Abstract. The triprojective algebra of a Dynkin diagram Δ is a triangular gluing of three copies of the corresponding preprojective algebra. It has a canonical (connective) dg enhancement: the triprojective dg algebra. We will report on joint work with Miantao Liu and with Zhenhui Ding where we show that the category of Gorenstein projective dg modules over the triprojective dg algebra is the Higgs category (in the sense of Yilin Wu), which categorifies the cluster variety of triples of flags of type Δ. We also confirm a conjecture by Merlin Christ which is crucial for his approach to the categorification of the higher Teichmüller spaces of type Δ.

Andrzej Mróz (Nicolaus Copernicus University)

Discrete derived invariants for Gorenstein algebras

Abstract. By discrete derived invariants we mean derived invariants living in the Grothendieck groups associated with the derived category of a finite-dimensional associative algebra. Among these invariants there are: homological bilinear and quadratic forms (Euler forms), certain related parameters, and the Coxeter polynomial. These invariants were successfully studied so far mainly for algebras of finite global dimension. Recall classical groundbreaking ideas of Gabriel, Bongartz, Dlab–Ringel, Kac, Brüstle–de la Peña–Skowroński (and many others) which relate the representation type of an algebra and classifications of its indecomposable modules with the definiteness and roots of its Euler (or the related Tits) form. There are also known nice results describing the properties of the module and derived category encoded in the Coxeter polynomial (results of Happel, Lenzing, de la Peña and others).
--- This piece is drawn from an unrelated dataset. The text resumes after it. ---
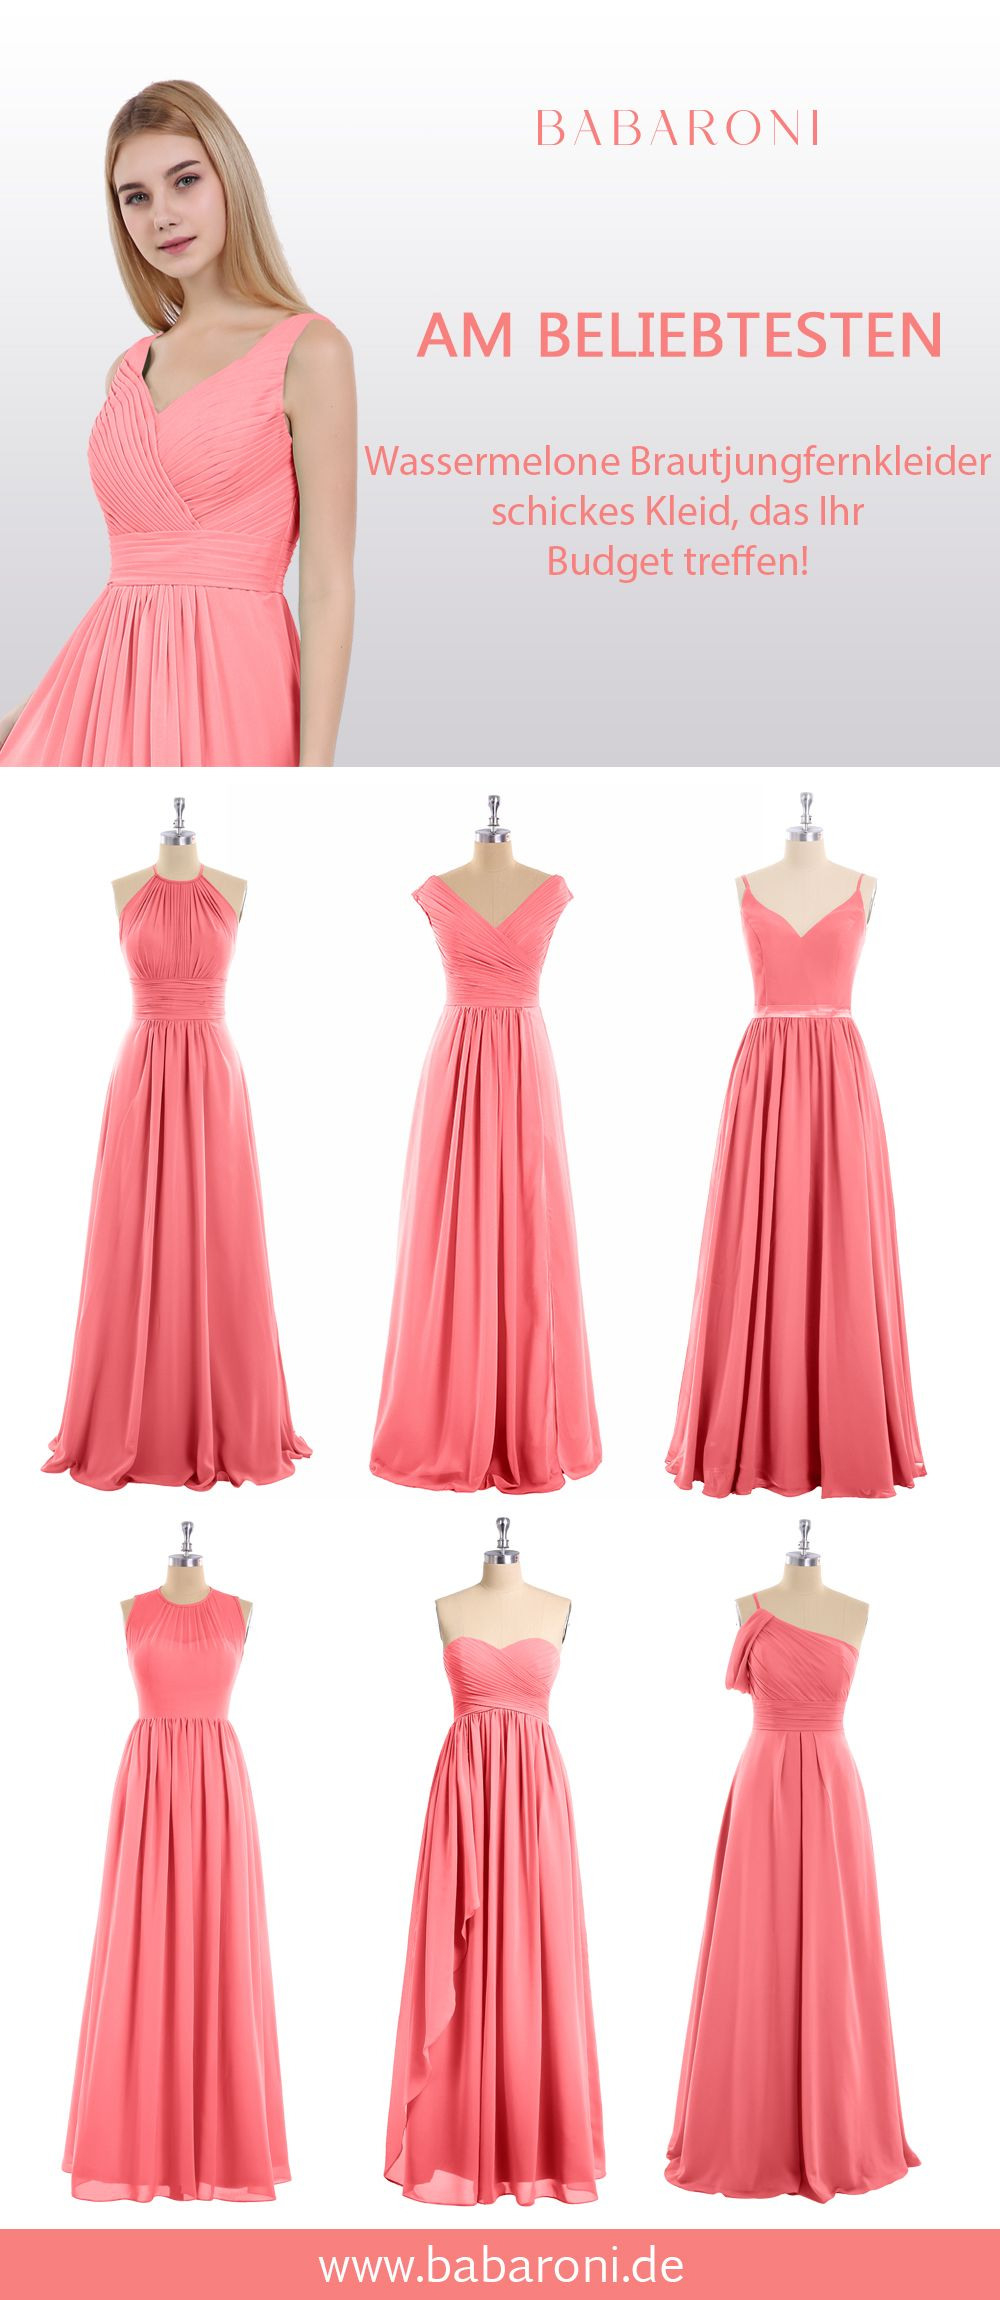 15 Großartig Mädchen Abendkleider Stylish Wunderbar Mädchen Abendkleider Design

In our work we study these invariants in a more general context — for Gorenstein algebras (in fact, even more generally, for certain Hom-finite triangulated categories having a Serre functor). We will present results describing the properties of discrete derived invariants, among others, for prominent examples of Gorenstein algebras: gentle algebras and Brauer graph algebras, including the complete formula for the Coxeter polynomial of a gentle algebra in terms of its Avella-Alaminos and Geiss invariant.

Pierre-Guy Plamondon (Université Paris-Saclay)

On some affine schemes defined by a version of F-polynomials

Abstract. The F -polynomial of a representation is a generating series for Euler characteristics of its submodule Grassmannians. In this talk, I will present a variation on F -polynomials and use it to define an affine scheme with interesting properties. In simple cases, this recovers known varieties such as the moduli space of configurations of n points on a projective line. This is a report on a joint work with Nima Arkani-Hamed, Hadleigh Frost, Giulio Salvatori and Hugh Thomas.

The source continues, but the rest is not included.